Task data: Begin

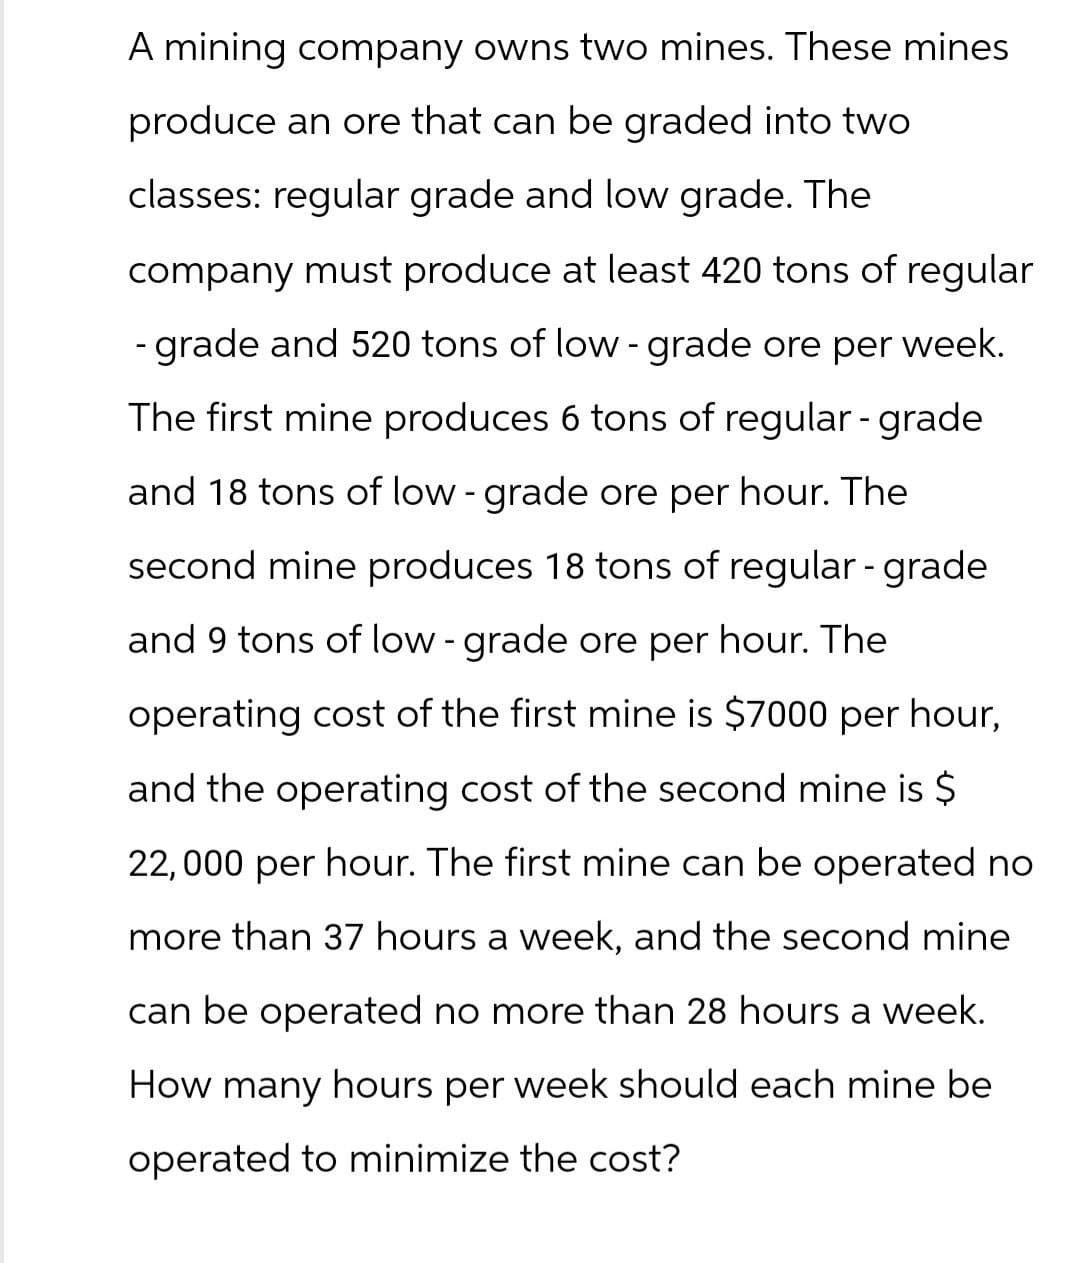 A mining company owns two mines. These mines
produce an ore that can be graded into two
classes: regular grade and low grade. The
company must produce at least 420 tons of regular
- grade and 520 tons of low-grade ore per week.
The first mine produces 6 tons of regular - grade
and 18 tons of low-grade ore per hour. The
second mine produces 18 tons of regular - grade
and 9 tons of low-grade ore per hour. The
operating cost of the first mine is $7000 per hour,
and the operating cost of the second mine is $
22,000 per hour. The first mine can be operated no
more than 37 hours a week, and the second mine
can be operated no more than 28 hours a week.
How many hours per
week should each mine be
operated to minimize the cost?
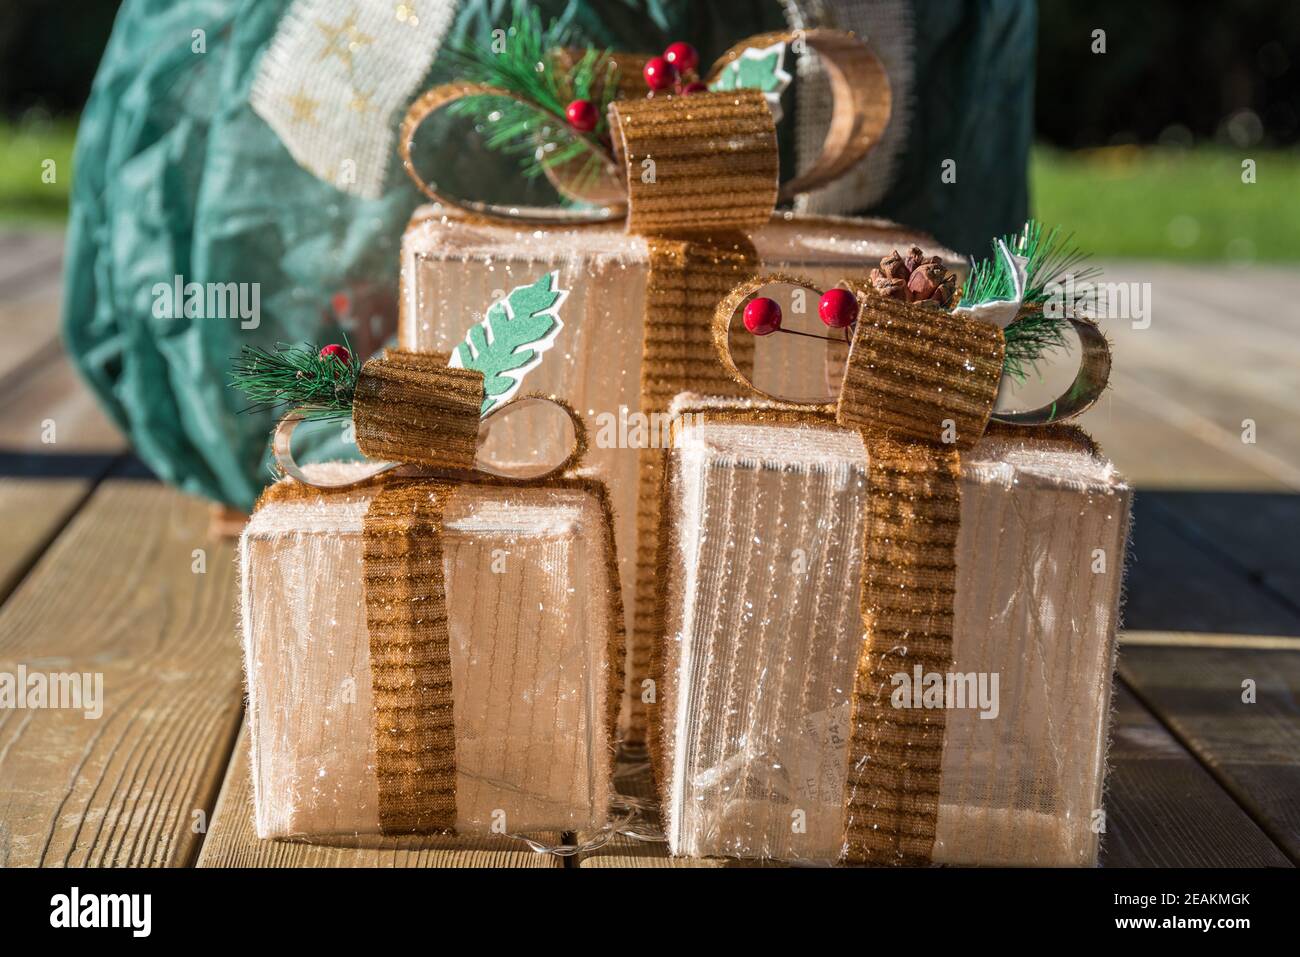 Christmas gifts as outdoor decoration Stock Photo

Task data: End

Reply with one number: the count of lines in the entries that include the word "first".

→ Answer box
3